Total rest for a couple of weeks at least.
Bit bored already though!  
Might buy an Airfix kit!


----------



## John-H (Jul 13, 2005)

Airfix - that's a blast from a sticky past. I feel Humbroled.


----------



## A3DFU (May 7, 2002)

Otley said:


> Total rest for a couple of weeks at least.
> Bit bored already though!


Time to read the forum back to front :wink:


----------



## Hoggy (May 8, 2002)

John-H said:


> Airfix - that's a blast from a sticky past. I feel Humbroled.


Hi, :lol: 
Hoggy.


----------



## j8keith (Jun 26, 2009)

John-H said:


> Airfix - that's a blast from a sticky past. I feel Humbroled.


I always ended up with more glue on me than the kit, clear plastic like aircraft cockpits became opaque.


----------



## Otley (May 15, 2013)

John-H said:


> Airfix - that's a blast from a sticky past. I feel Humbroled.

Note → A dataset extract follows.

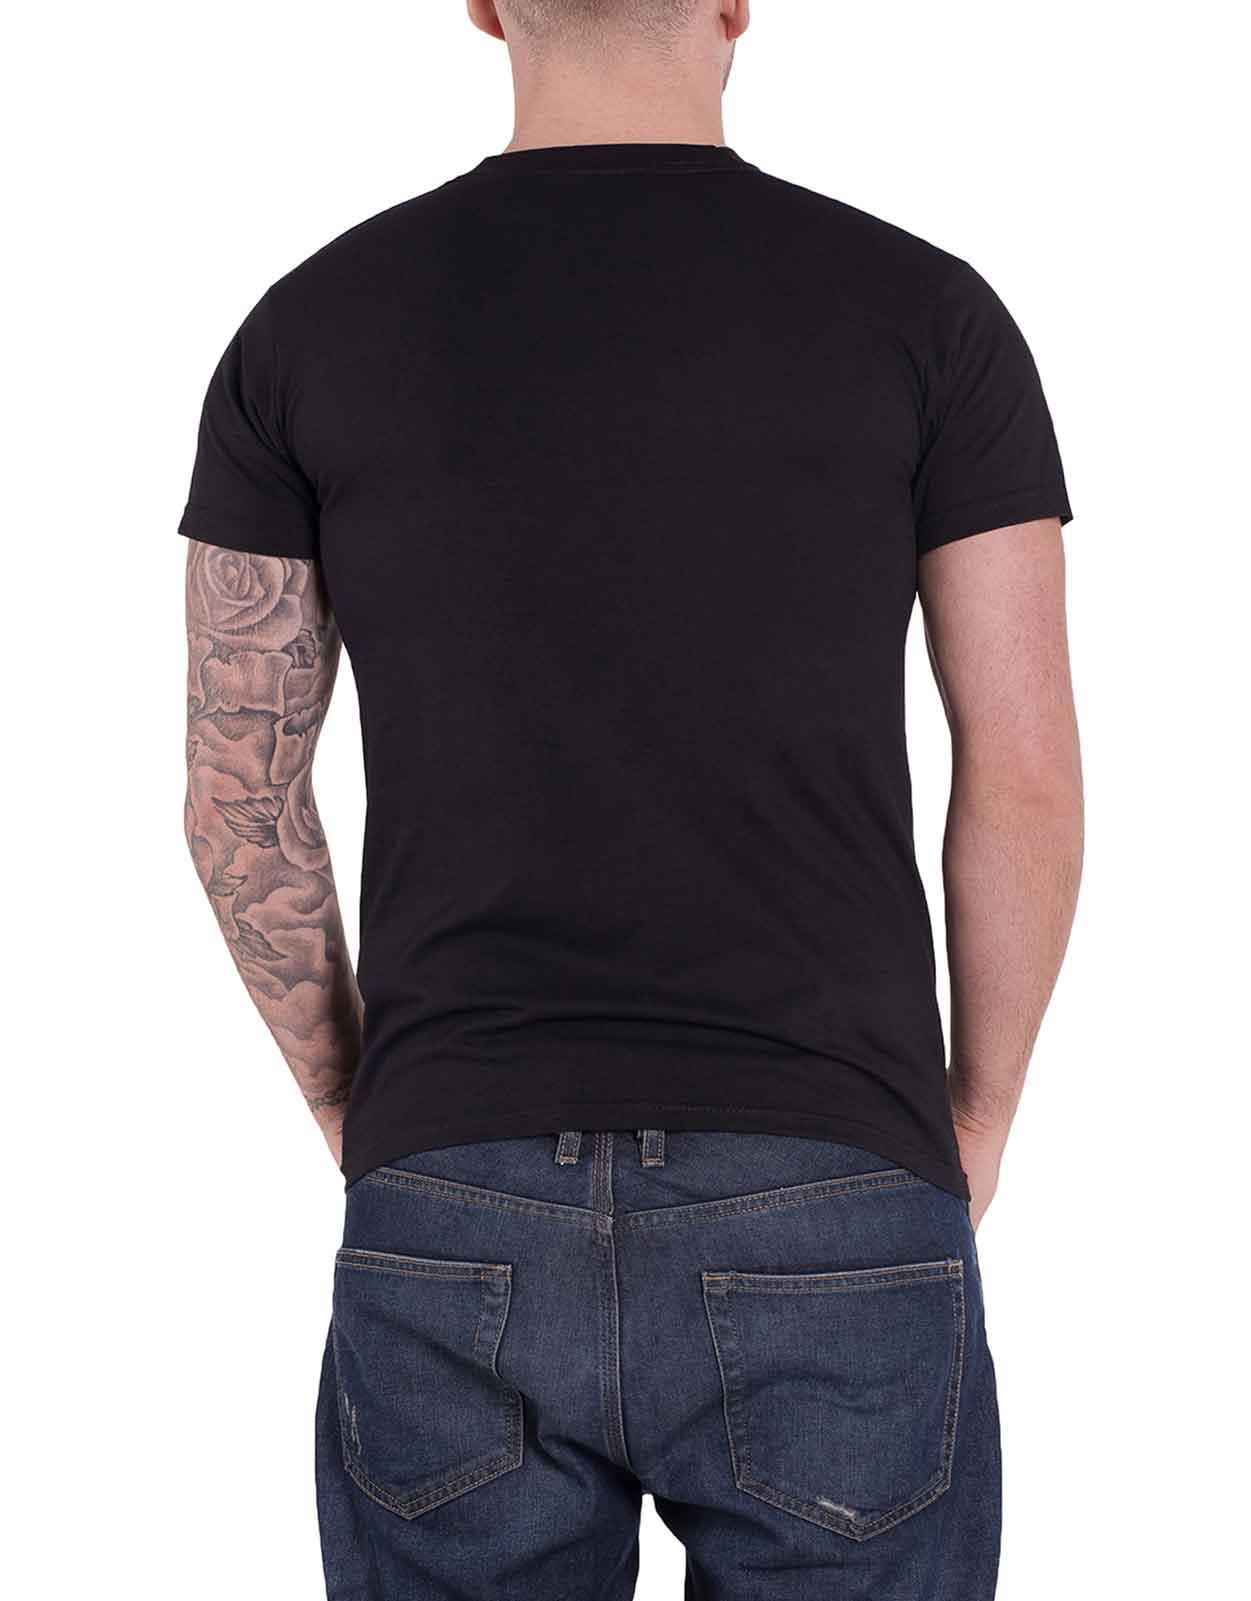 Official-Motley-Crue-T-Shirt-Shout-at-the-Devil-The-Dirt-Tour-Band-Logo-Mens thumbnail 43

Ah ha! I see what you did there! :lol: 
What should I go for then? Just a small one eh?


----------



## John-H (Jul 13, 2005)

Otley said:


> John-H said:
> 
> 
> > Airfix - that's a blast from a sticky past. I feel Humbroled.
> ...


 :lol: One with no windows according to Keith ...


----------



## rustyintegrale (Oct 1, 2006)

John-H said:


> Airfix - that's a blast from a sticky past. I feel Humbroled.


 :lol: :lol: :lol:

Were you a paint before construction or after person?


----------



## John-H (Jul 13, 2005)

I have to admit after ... if I bothered :roll: as they were not as much fun when they became an ornament - I enjoyed the construction puzzle element more


----------